# What is the meaning of Beta of an individual asset in relation to a portfolio, not the market?

Assume I've got a portfolio "A" with an expected return of 14% and a volatility of 20% and my broker suggests to add a new share "H" to my portfolio which has an expected return of 20%, a volatility of 60% and a correlation of zero to my portfolio. Risk-free return is 3,8%.

I'm following my broker's advice since according to CAPM, we have a Beta of zero ($$\beta_H = \frac{\sigma_H\sigma_A\rho_{H,A}}{\sigma_A^2}=0$$) and are thus expecting a return of at least 3,8% ($$E(r_H)=r_f+\beta_H(E(r_A) - r_f)=3,8\%$$ and $$20\% \gt 3,8\%=E(r_H)$$).

Now, I've invested 40% of my portfolio into the new stock H. I've been told this is too much since

$$\beta_H^A=\frac{\sigma_H\rho_{H,A}}{\sigma_A}=\frac{Cov(R_H,w_HR_H+w_AR_A)}{\sigma_A^2}=\frac{w_H\sigma_H^2+0}{\sigma_A^2}=2$$

and thus stock A adds a lot of systematic risk to my portfolio. I don't understand this explanation, what is the meaning of $$\beta_H^A$$ here? I only know how to interpret Beta in relation to a market portfolio but in this case, Beta is calculated as the change of systematic risk of stock A in relation to the new portfolio that includes stock A.

It seems like Beta is used as a measure of how much systematic risk is added to my portfolio by the new stock. I only know beta as a measure of sensitivity to the market. I don't understand the calculation and this interpretation.

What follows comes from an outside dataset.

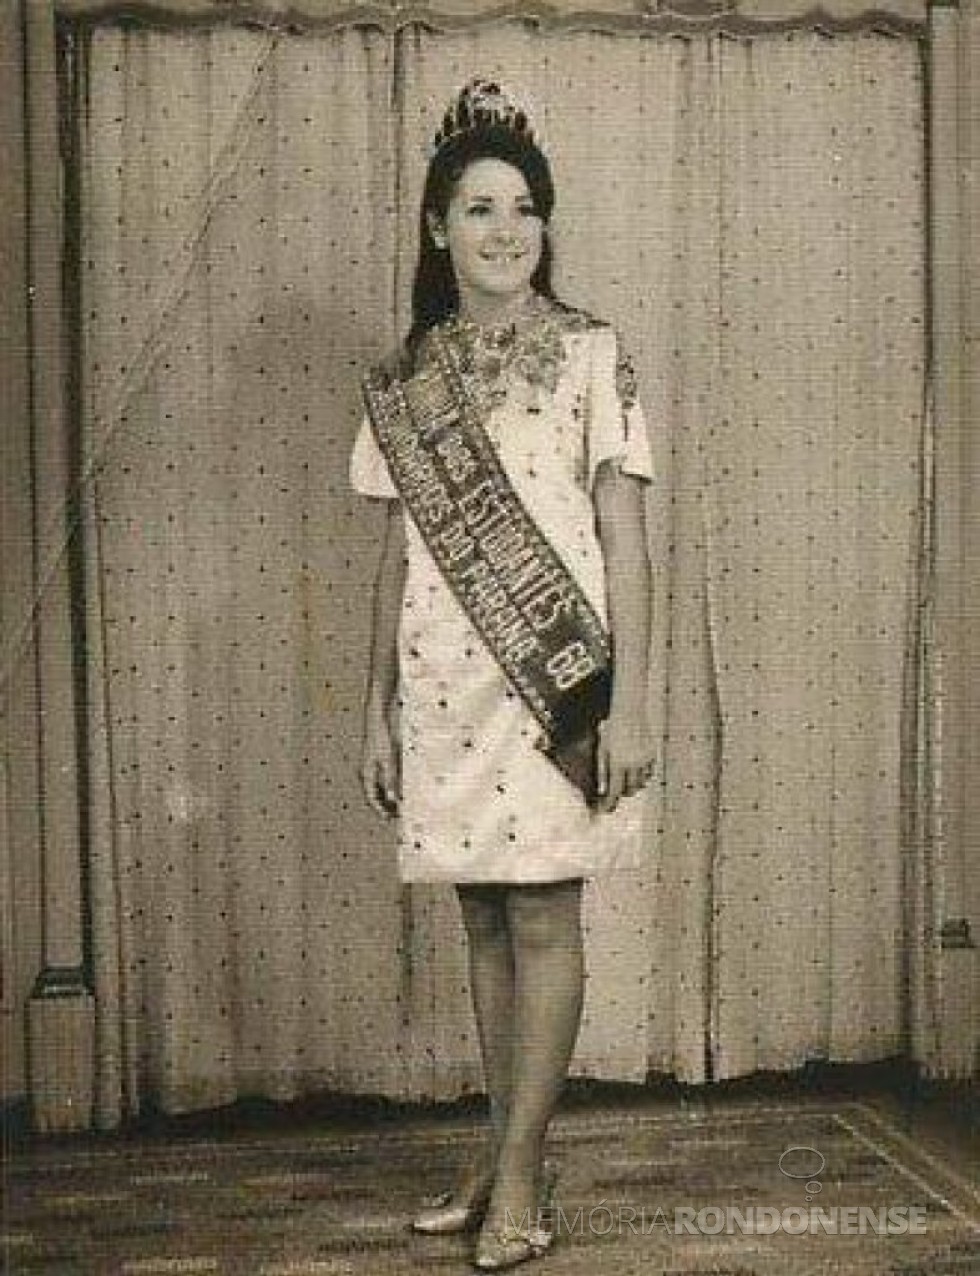 Miriam Lúcia Fernandes Mazzaferro eleita Rainha dos Estudantes Secundaristas do Paraná 1968, em janeiro de 1968.
Imagem: Acervo pessoal - FOTO 2 - 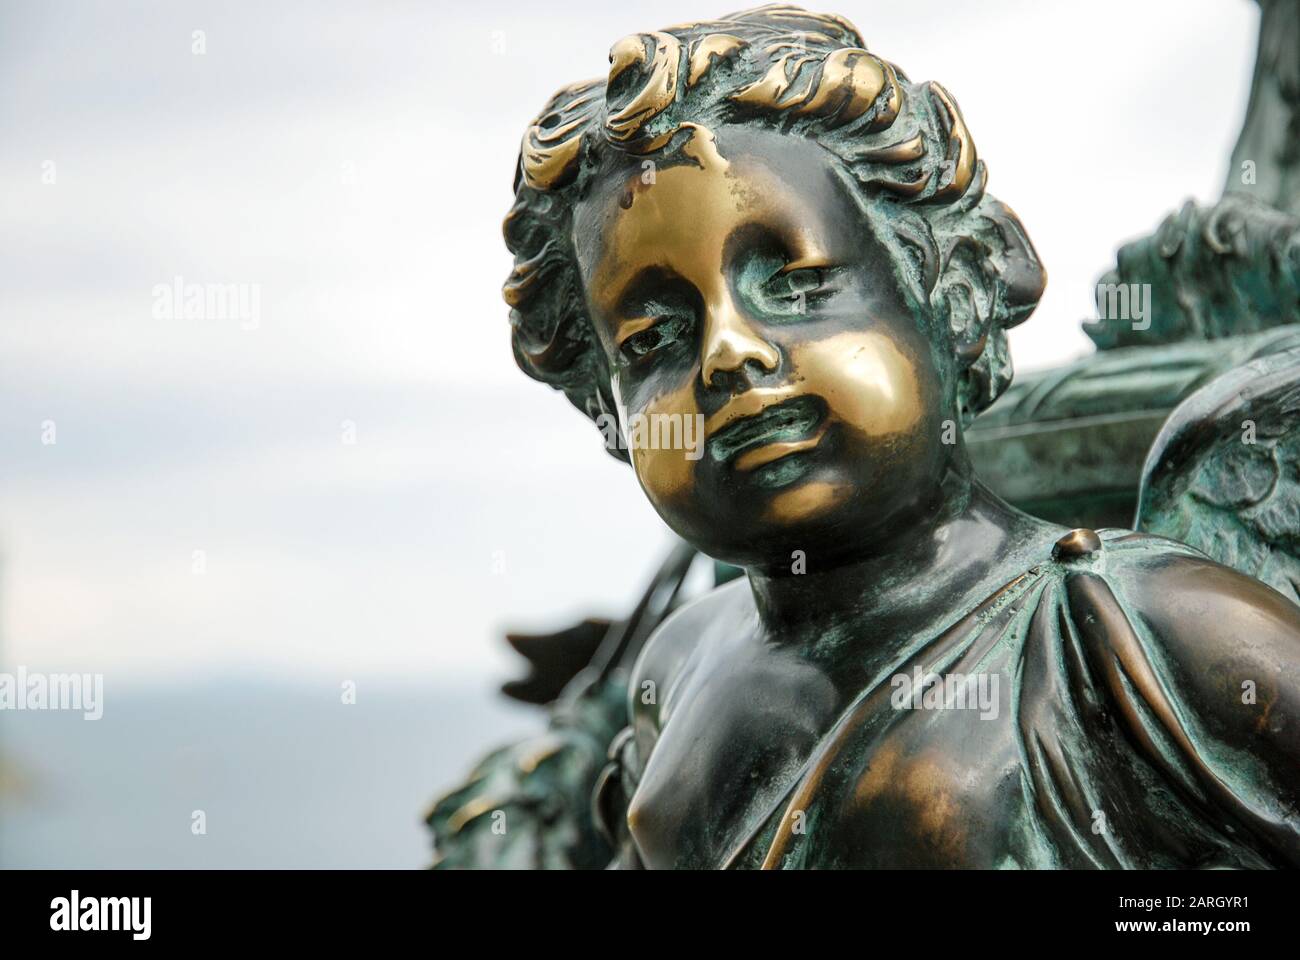 Vecchia statua in bronzo ossidato di un ragazzo con macchie lucidate sul suo viso come simbolo di malattia della pelle, patologia o condizione come vitiligo o psoriasi Foto Stock

• It is not proper to compute Beta with respect to a given portfolio A and then apply the CAPM. That is not how the CAPM Beta is defined. (It is defined vis a vis the MArket Portfolio). And this is assuming CAPM is valid, which many doubt (see answer below) Commented Jan 7 at 12:47
• Generally the attractiveness of adding a security to a well diversified portfolio is measured by the Alpha (not the Beta). Commented Jan 7 at 12:55

Not directly answering your question, but is this theoretical or did you actually do this? If so, I hope you do know that beta is not stable over time, only measures a linear relationship and that the CAPM is generally highly questionable?

The problems [of CAPM] are serious enough to invalidate most applications of the CAPM. The CAPM, like Markowitz’s (1952, 1959) portfolio model on which it is built, is nevertheless a theoretical tour de force. We continue to teach the CAPM as an introduction to the fundamental concepts of portfolio theory and asset pricing, to be built on by more complicated models like Merton’s (1973) ICAPM. But we also warn students that despite its seductive simplicity, the CAPM’s empirical problems probably invalidate its use in applications.

Wikipedia offers a good collection of problems of the CAPM model.

It is the second highest entry in the list of the most dangerous concepts in quantitative finance work on Quantitative Finance SE.

Irrespective, adding 40% of your portfolio into a single stock is never a good idea unless you are absolutely sure that this stock will be the best you can find and don't believe in diversification.

Ultimately, I think this answer is probably best asked on money stack exchange.